*** Opening of INFORMATION SUPPLIED ***

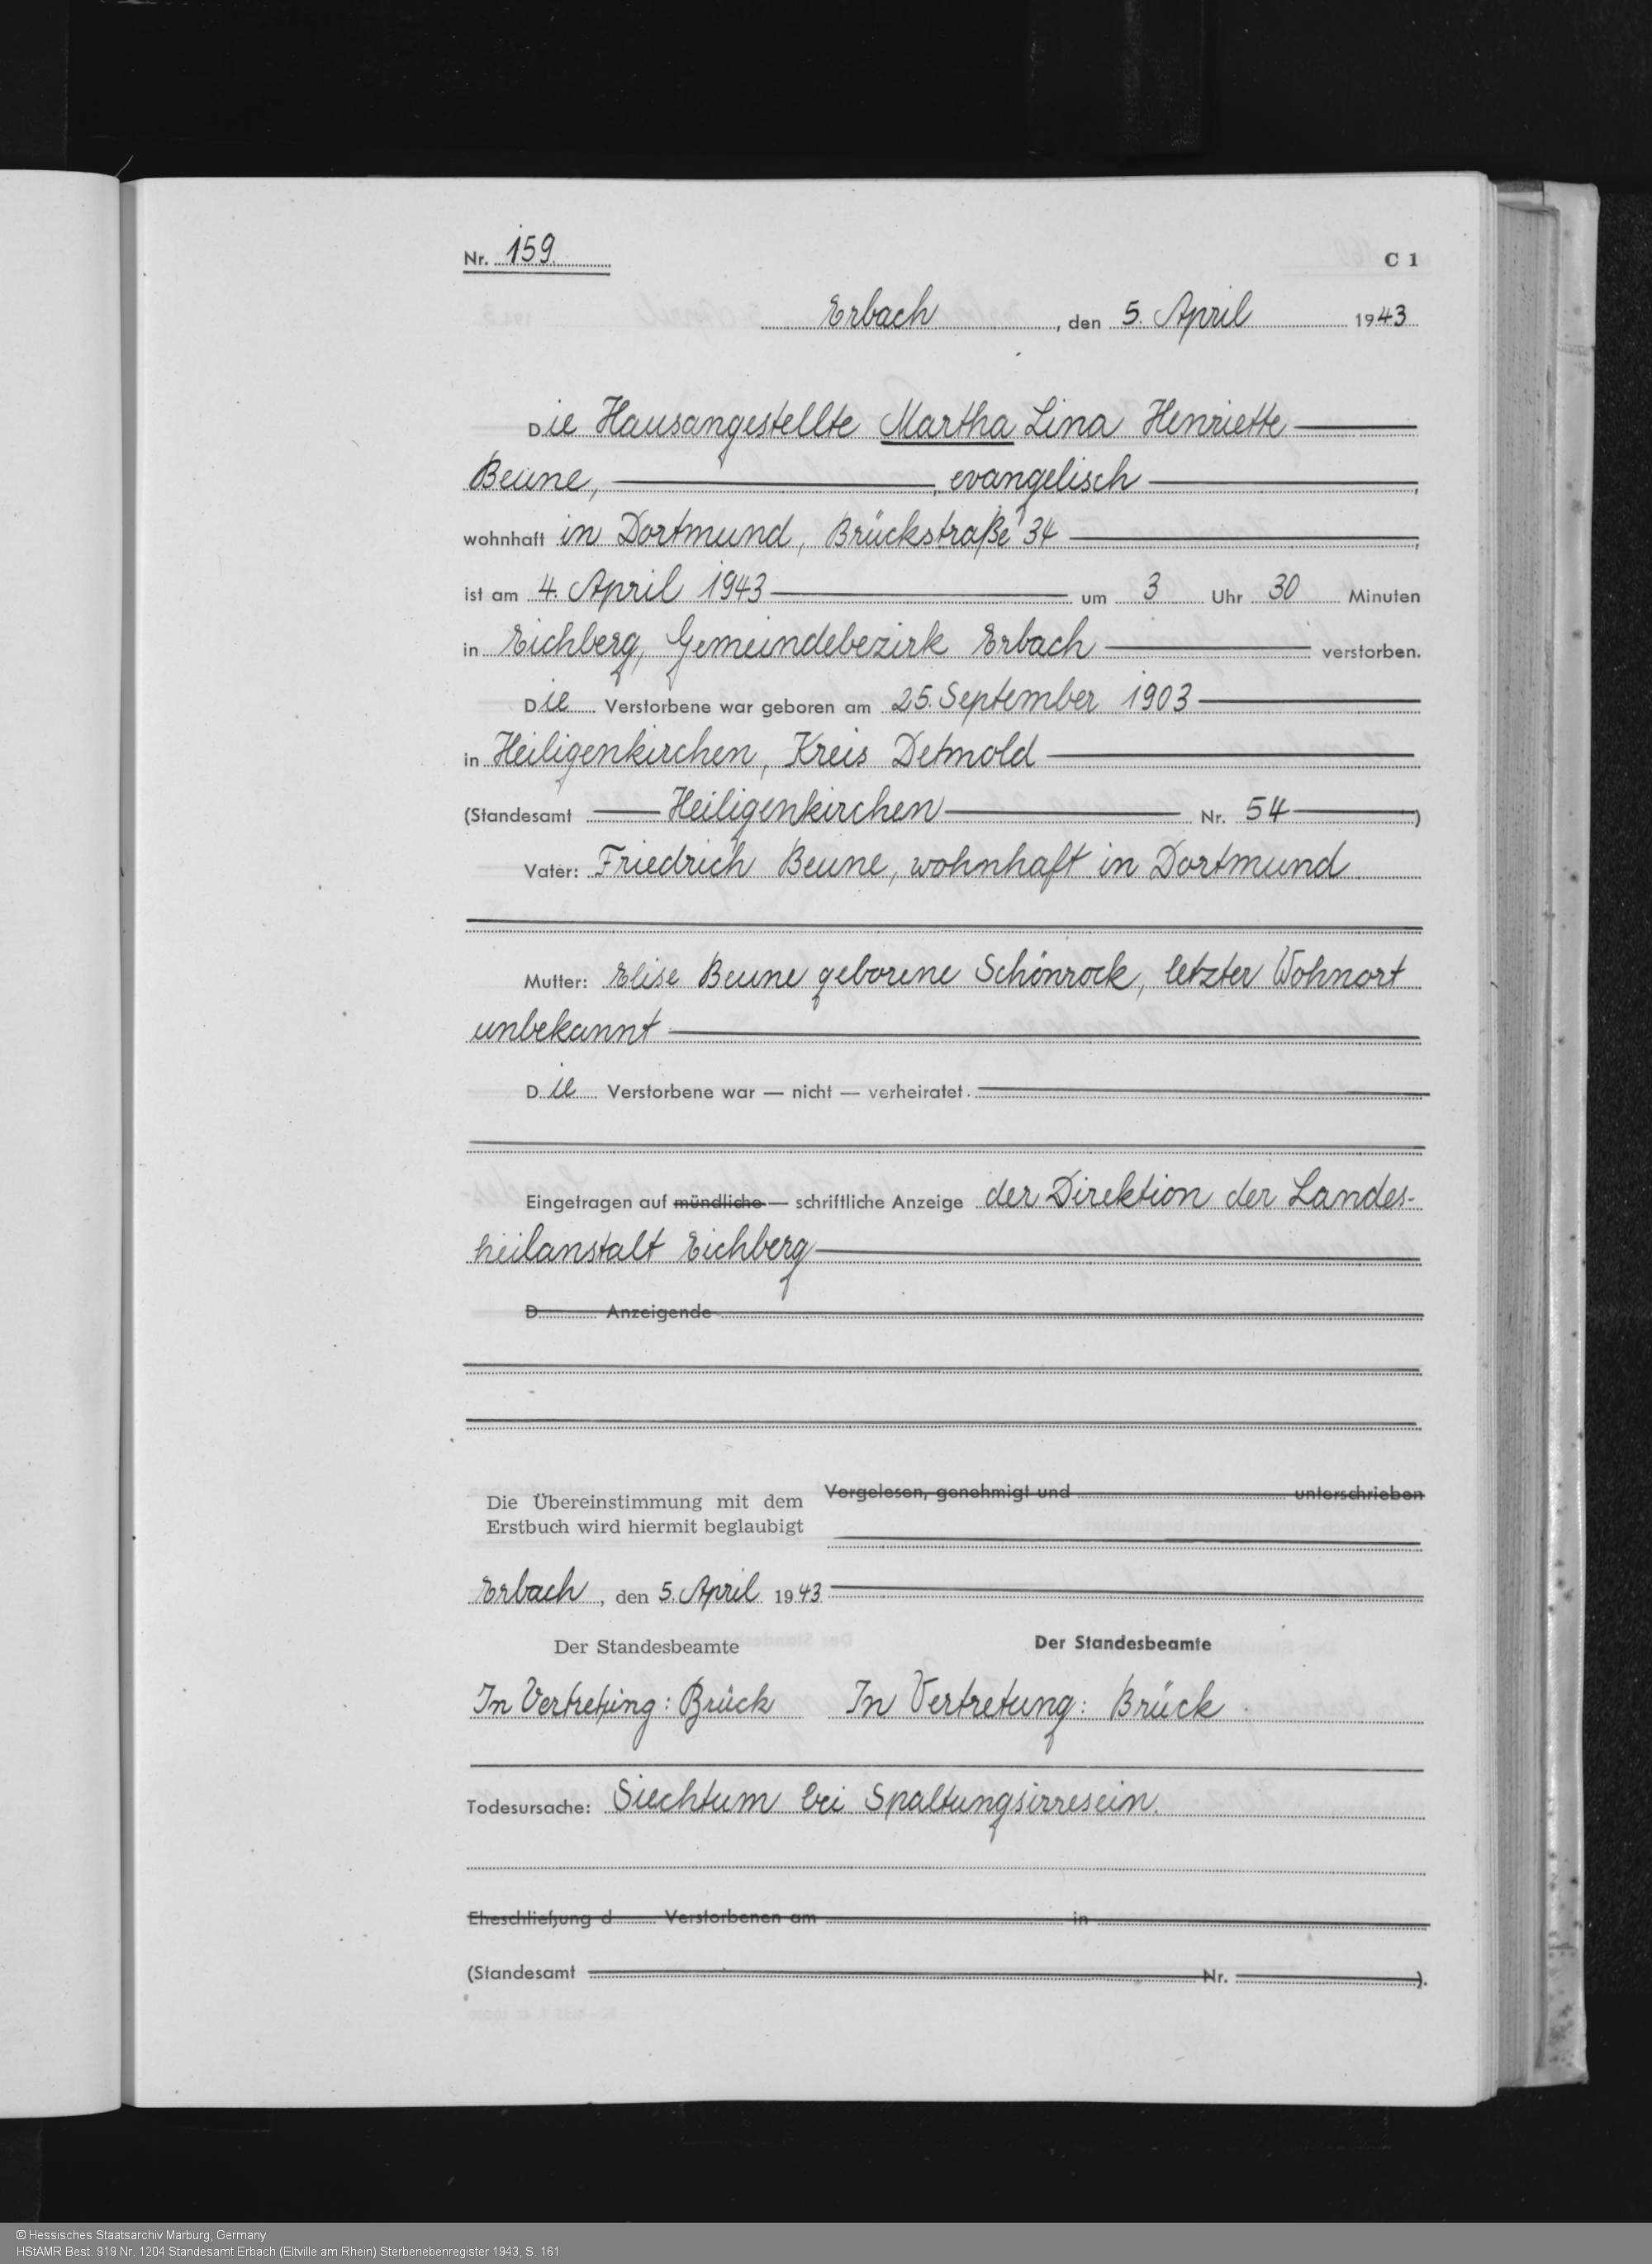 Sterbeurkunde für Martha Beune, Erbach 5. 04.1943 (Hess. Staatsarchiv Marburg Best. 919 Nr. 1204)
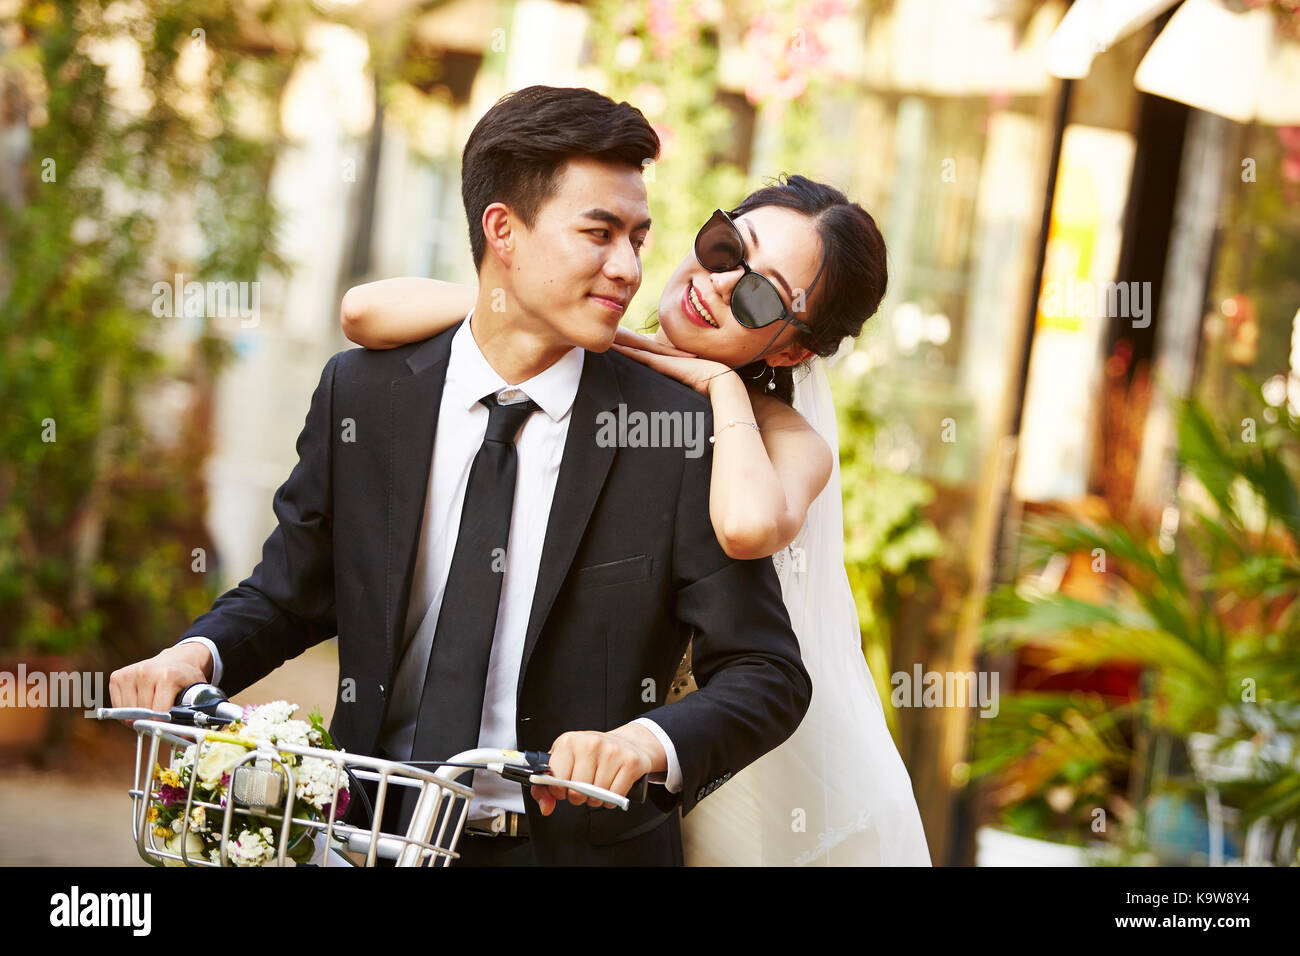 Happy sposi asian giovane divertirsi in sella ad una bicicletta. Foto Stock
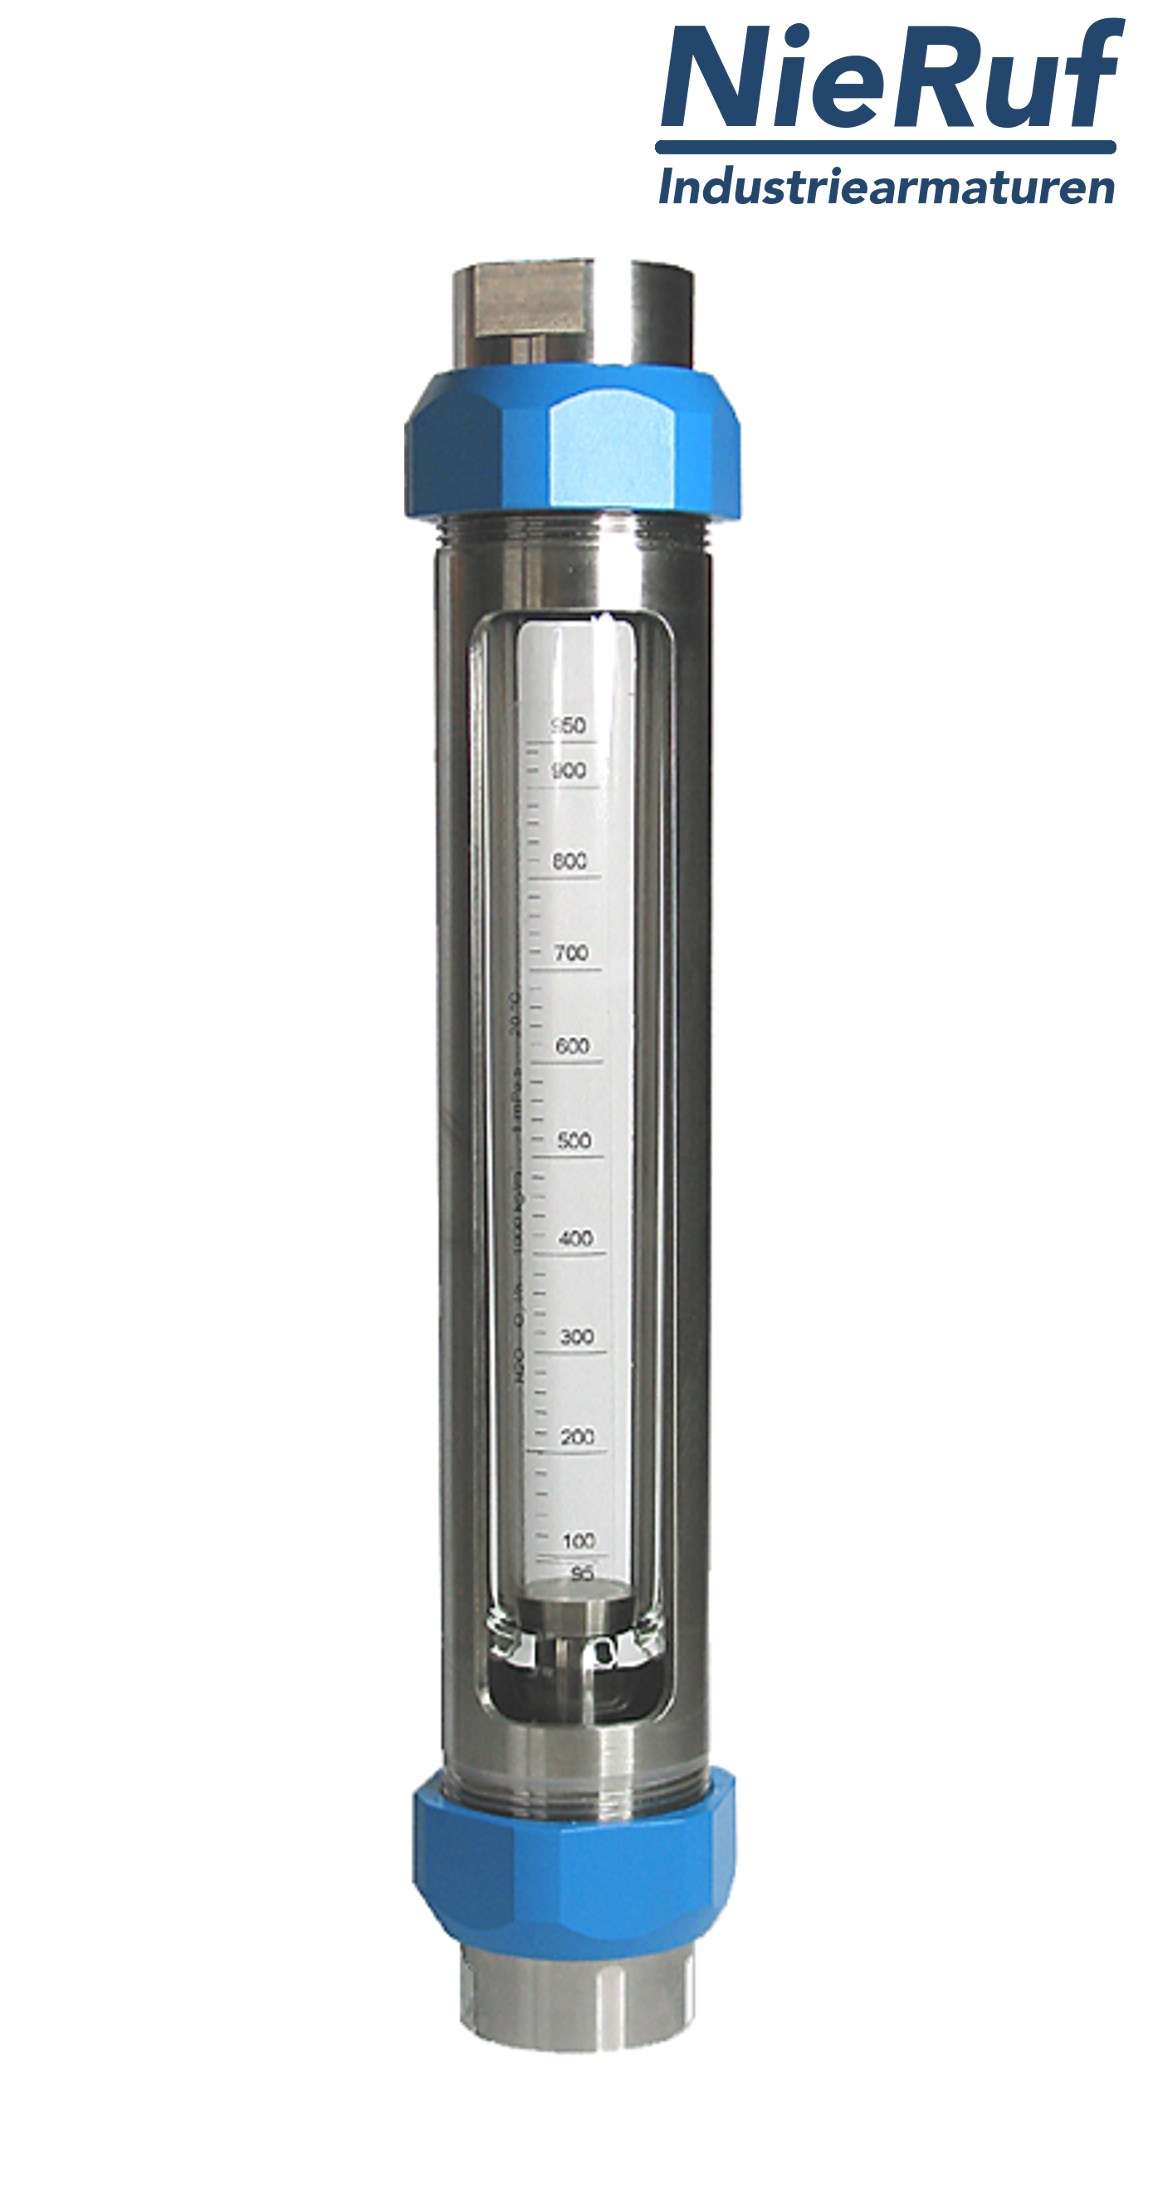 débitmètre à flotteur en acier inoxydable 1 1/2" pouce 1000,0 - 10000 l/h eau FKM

*** Close of INFORMATION SUPPLIED ***

## TASK STATEMENT
Send back the data above verbatim, leaving out its pictures.

## TASK ANSWER
 Sterbeurkunde für Martha Beune, Erbach 5. 04.1943 (Hess. Staatsarchiv Marburg Best. 919 Nr. 1204)
 Happy sposi asian giovane divertirsi in sella ad una bicicletta. Foto Stock
 débitmètre à flotteur en acier inoxydable 1 1/2" pouce 1000,0 - 10000 l/h eau FKM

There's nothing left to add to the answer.